The Très Riches Heures is an early fifteenth-century Book of Hours, containing the Hours of the Virgin as well as a custom selection of prayers and devotions intended to be recited throughout the day during the eight canonical hours. In the Middle Ages, Books of Hours were bestsellers, likely for religious reasons. But if you stuck a couple of illuminated miniatures in your Hours you suddenly had yourself a status symbol. Kind of like a Starbucks paper cup is a status symbol today. Yeah, that’s a good analogy. Books of Hours were kind of like the Starbucks cups of the Middle Ages.
This particular Book of Hours was commissioned by Jean, the Duke of Berry, who was an avid collector of expensive things like brooches and castles and hunting dogs. When it came to books (which were also very expensive during his time) the man owned no fewer than 70, in addition to numerous maps and treatises. In short, Jean had stupid amounts of money that he didn’t seem to have any trouble spending.

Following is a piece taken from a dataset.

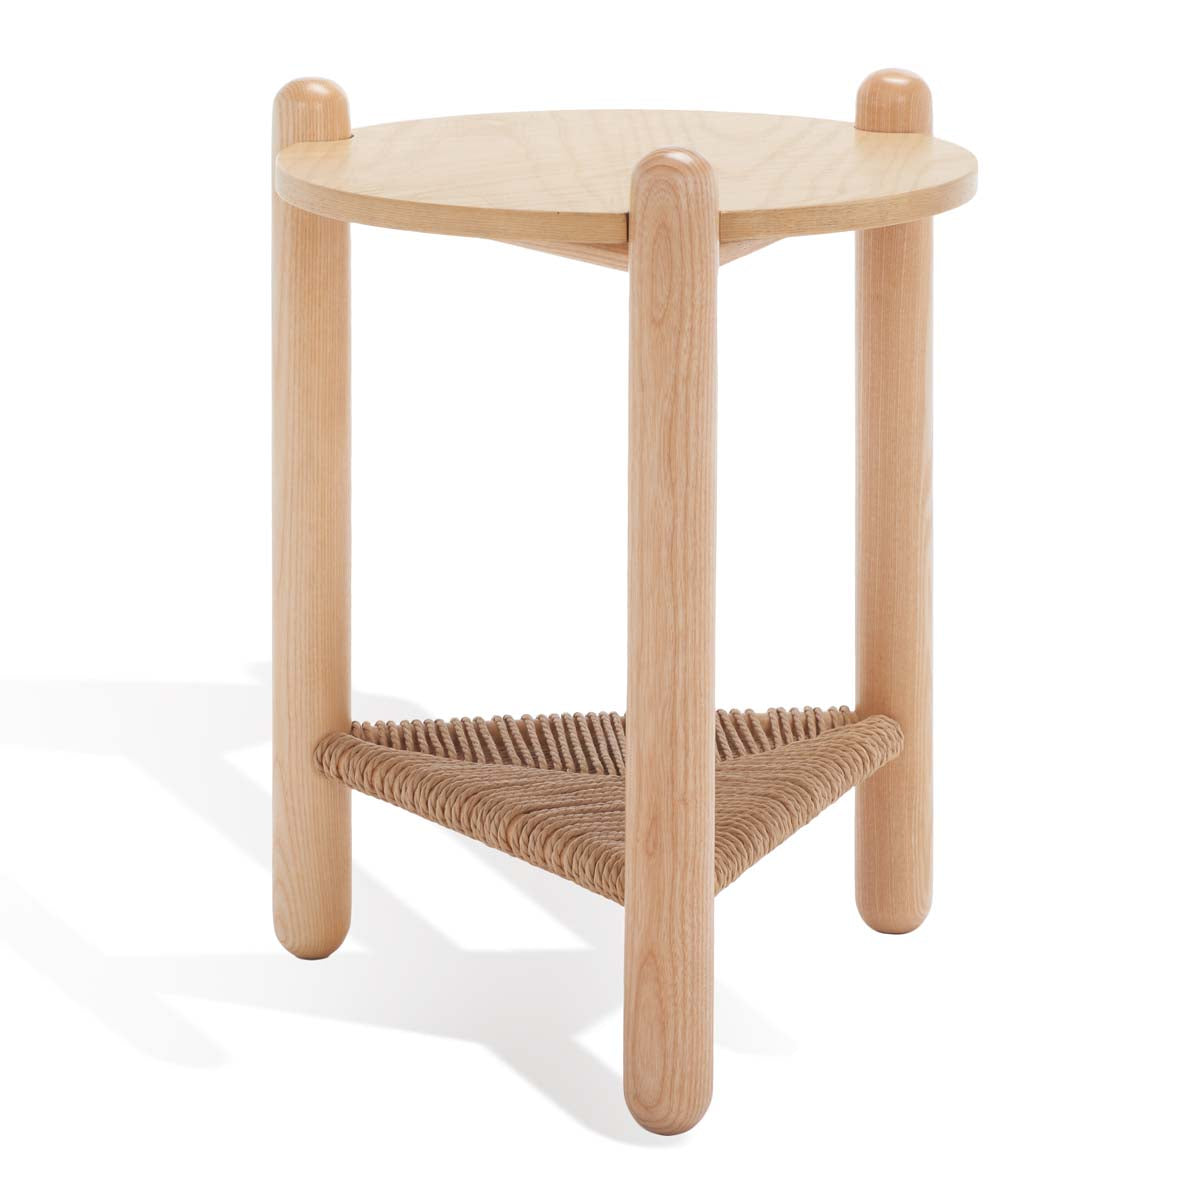 Safavieh Couture Macianna Woven Shelf Accent Table - Natural

This is why he blew tons of money on getting the valuable materials that were used to produce his Très Riches Heures. For example, see that blue in the picture above? That colour was made from azur d’outreme, which comes from Middle Eastern semi-precious lapis lazuli. But, of course, Jean didn’t stop there; he also made sure that he hired some of the most famous artists of the age – the Limbourg Brothers (Hermann, Jannequin, and Pol) – to produce his book. It’s too bad that all three Limbourg Brothers died in 1416 from the Plague. Should they have lived longer, I’m sure they would have graced us with even more works featuring hidden penises. Just look at that peasant in the shed, letting it all hang out. He is lovin’ life.